Indeed with the current proposal production of 'hydrogen-ready' boilers never grows to the point where the price-promise becomes relevant, those those with these boilers may end up paying a premium, despite best intentions. To protect individual consumers the government may choose to subsidise the scheme leading to the taxpayer boiler companies to install a less flexible and future-proof technology than the heat-pump alternative, which this may not be the intended outcome of this proposal.

Accounting for the ability of heat pumps to also cool homes in hot weather on the economic case for 'hydrogen-ready' boilers (question 53 on page 60)

Heat-pumps can be run in reverse to cool, rather than to heat. A boiler (regardless of the fuel) cannot do the same.

Given the increasing frequency and severity of extremely warm and dry summers in Northern Europe, perhaps consumers will find the idea of installing a heat-pump even more attractive than is being accounted for in the proposal at present, given that they need not also purchase, find room for and run (as much) air conditioning equipment to stay comfortable and healthy all year round.

I see this as another factor which could jeopardise the 'price parity promise' from manufacturers dependent on the voilumes of boilers produced and sold, or at least the pace with which this transition is expected to occur.

It may be that these aspects has been included in the analysis upon which the predictions in the report have been made, indeed I hope so. If someone in the know could reassure me of this I would be grateful!

Until then the scientist in me would prefer to see some evidence, such as these aspects being mentioned in the detailed comparison between boilers, combination/hybrid systems and heat pumps in the proposal.

To be open and transparent, I have not read each of the 105 sources directly referenced by the proposal. It may be that my concerns stated here are irrelevant because these aspects have been well considered in the work which informs the predictions in the proposal, but these details are only to be found in the referenced sources. If so, I would be reassured to hear from those in the know that I need not be concerned. Incase not I thought it would be worth mentioning, perhaps others are thinking something similar - I'd rather mention it and be wrong than this aspect be overlooked.

Thanks!

Hello Joe. Just to respond to a couple of your comments.  NOX production is a feature of combustion, not a chemical characteristic of hydrogen vs methane.  Therefore the solution to minimise NOX is correct burner design, which is why the upgrade kit for 100% hydrogen boilers includes a new burner, specifically designed to ensure that a hydrogen boiler meets the same NOX standards as a methane boiler does today. 

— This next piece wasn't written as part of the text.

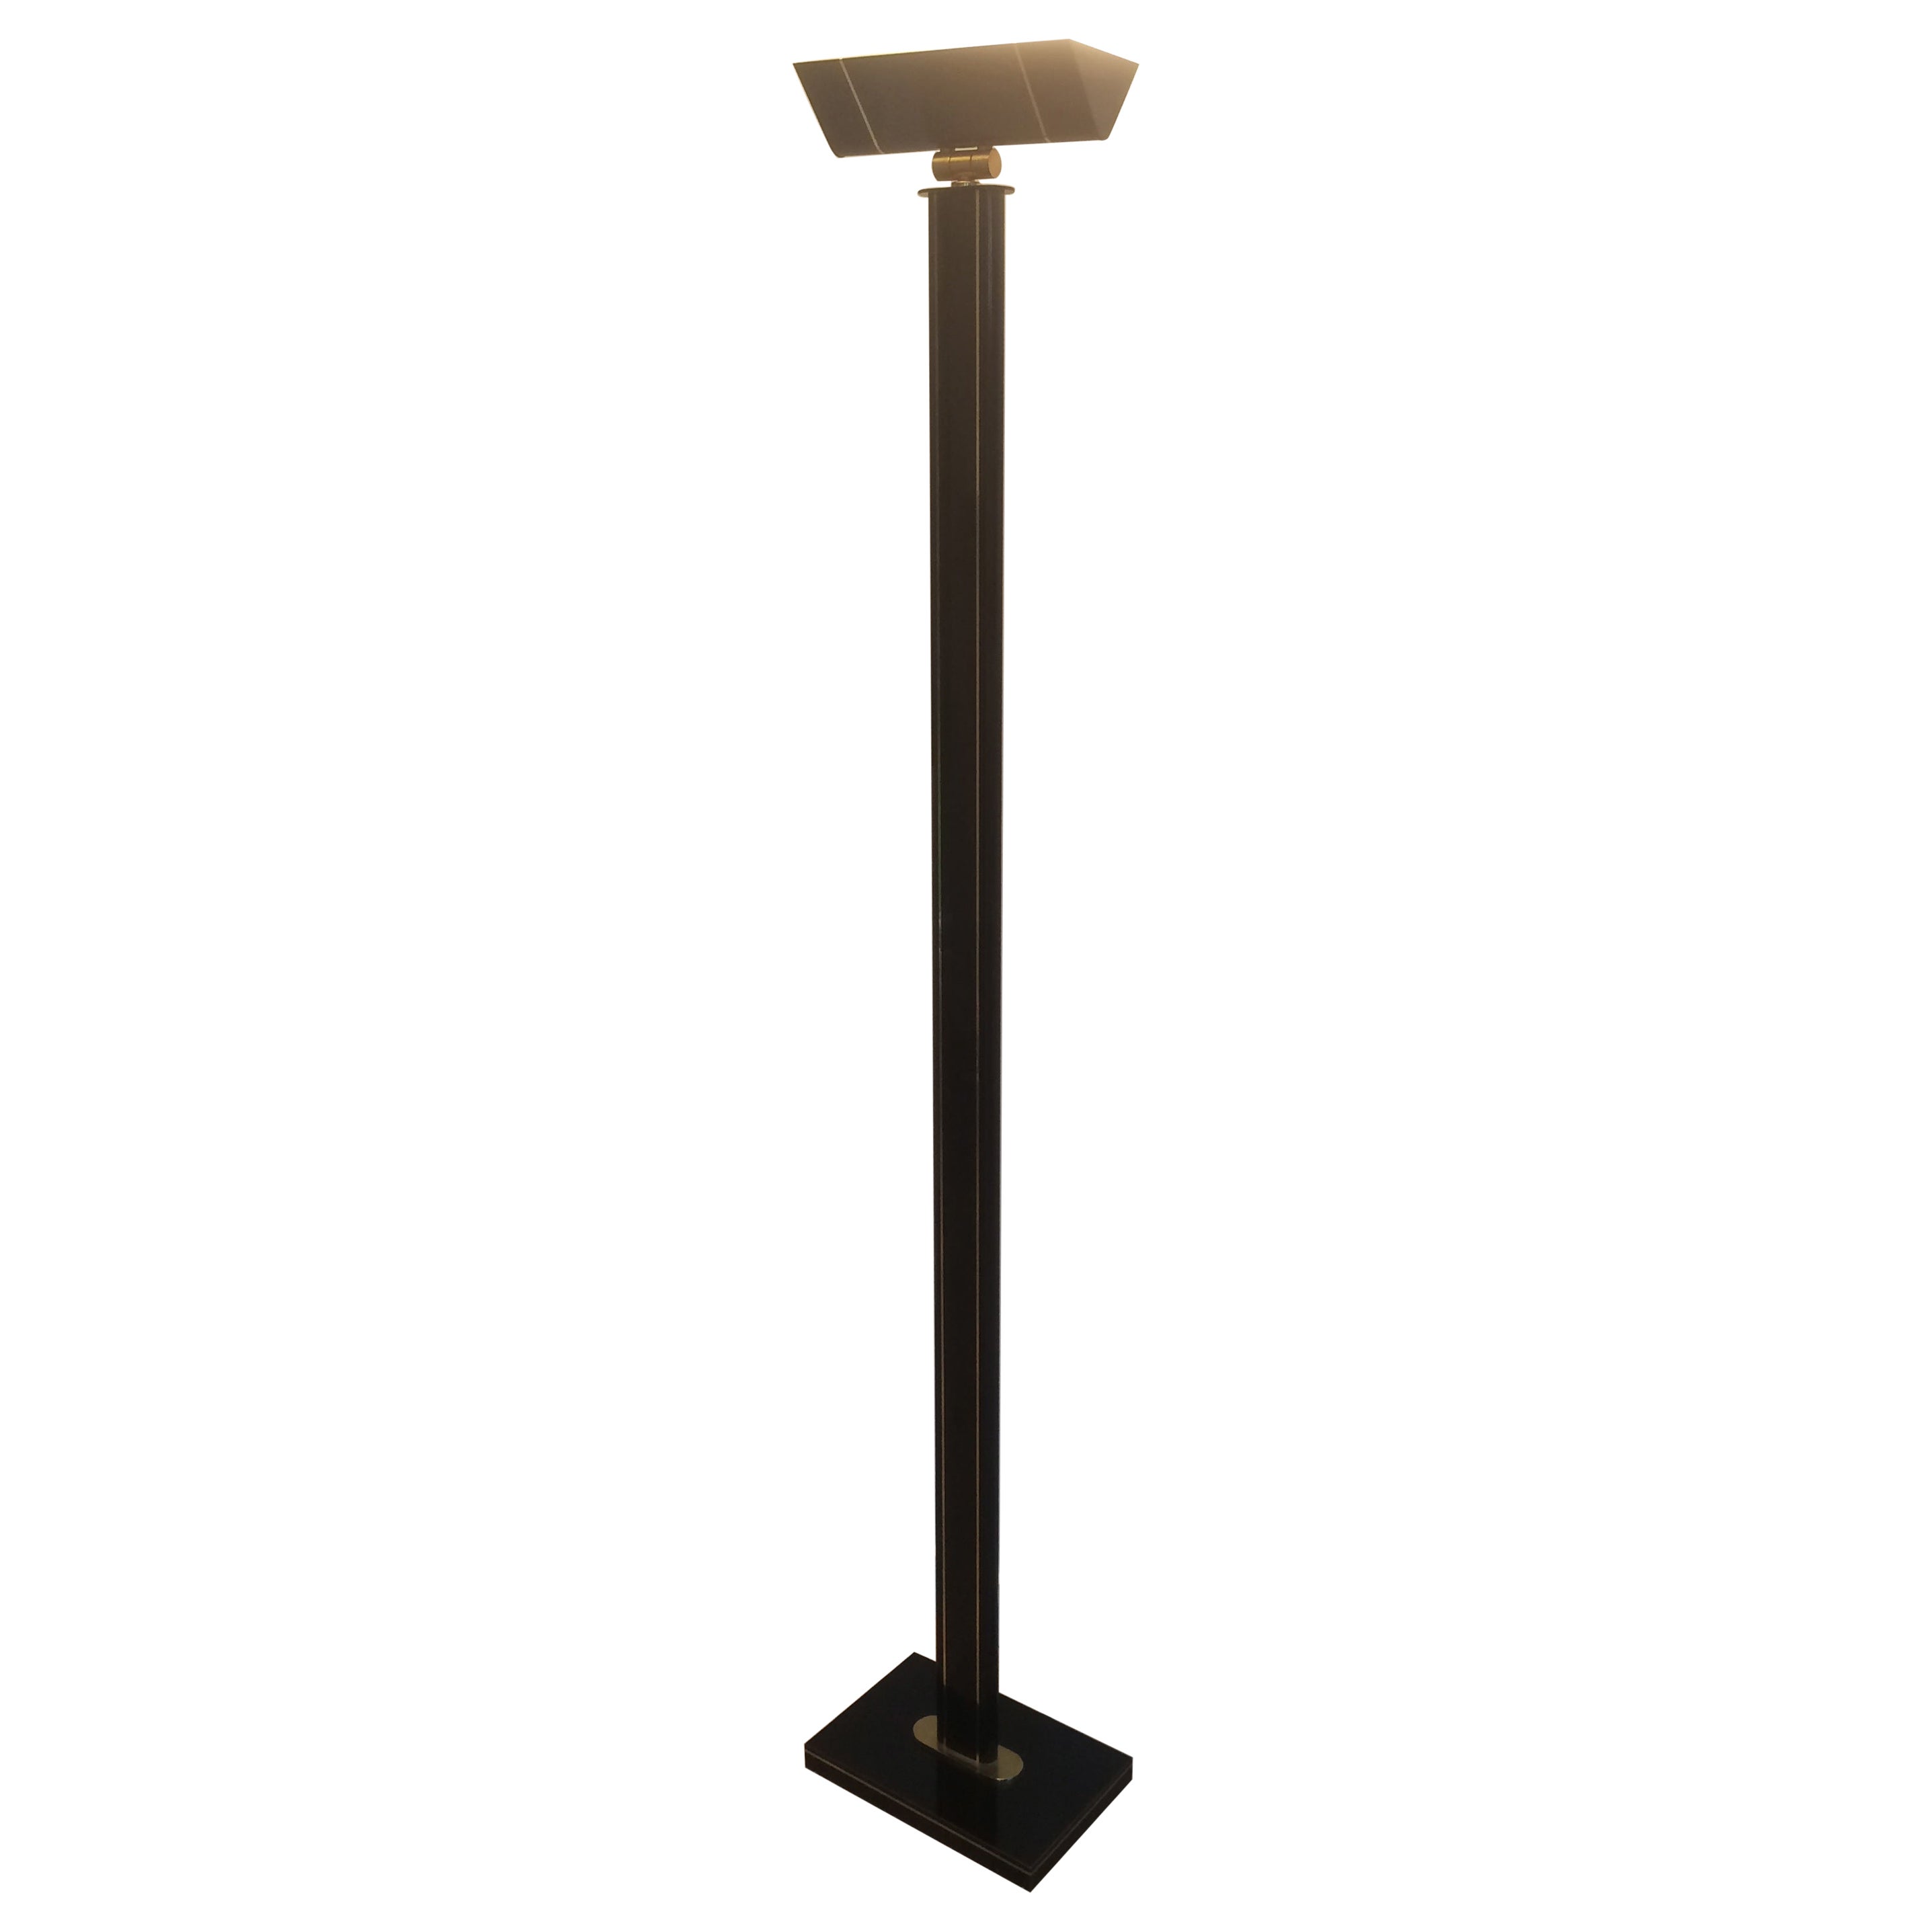 Black Lacquered and Brass Floor Lamp, French Work, Circa 1970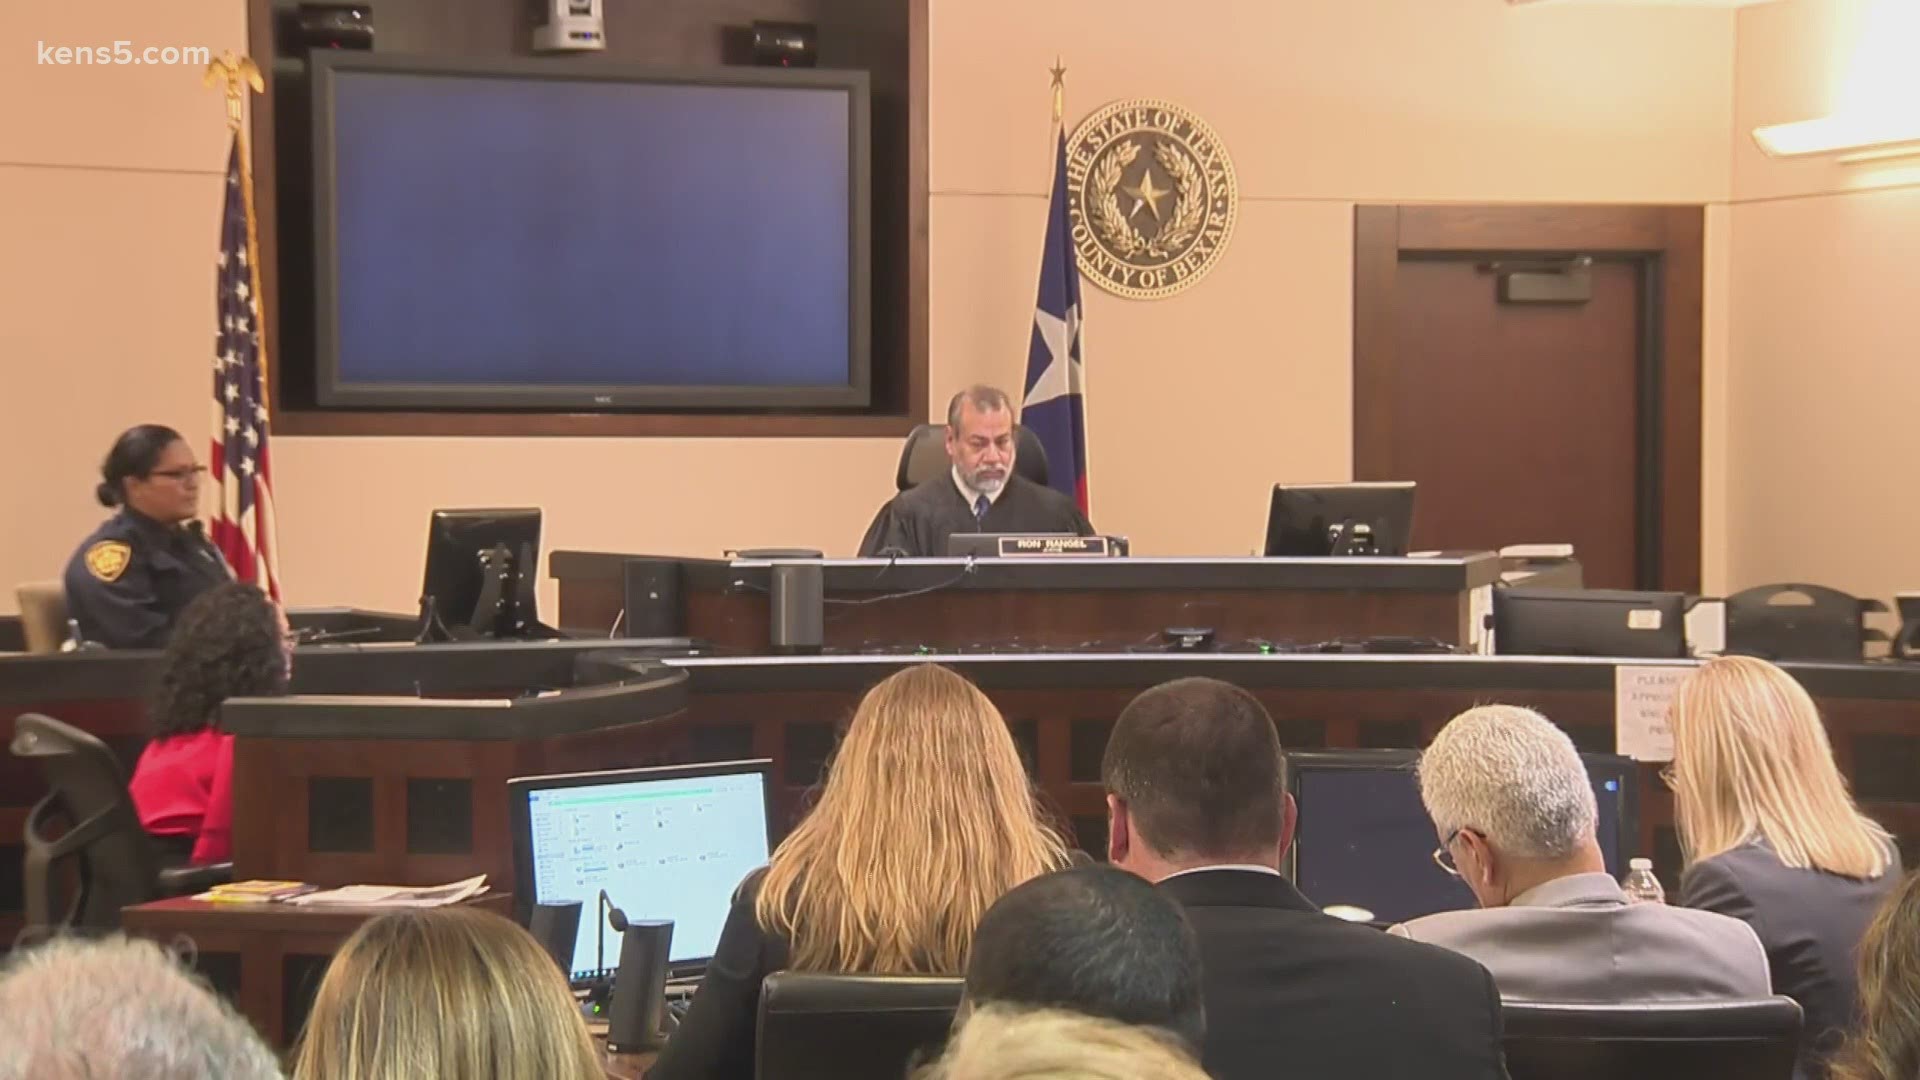 Day four of the trial introduced testimony from multiple San Antonio police officers who described their accounts of responding to alerts of an “officer down."

As a heat pump owner myself, the statement that a heat pump can also be used to cool as well as heat, is theoretically correct, but it depends on the nature of the system it is connected to.  In warm air systems, a heat pump could be configured  to produce cool air as well.  However, in wet systems (which is nearly all of the UK systems), running chilled water through underfloor pipework or radiators is likely to result in undesirable condensation formation, perhaps hidden within structures where damage cannot be detected until it is too late.

Your observation on training is correct and crucial (as are concerns over the supply chain).  Whatever solution is chosen for domestic heat, we will need to replace 24 million natural gas boilers in a little over 24 years (by 2050 for net zero).  Given that you cannot take consumers off heat for conversion over winter, you effectively have 8 months a year in which to do the conversion.  Roughly speaking, this is then around 35,000 properties per week being converted!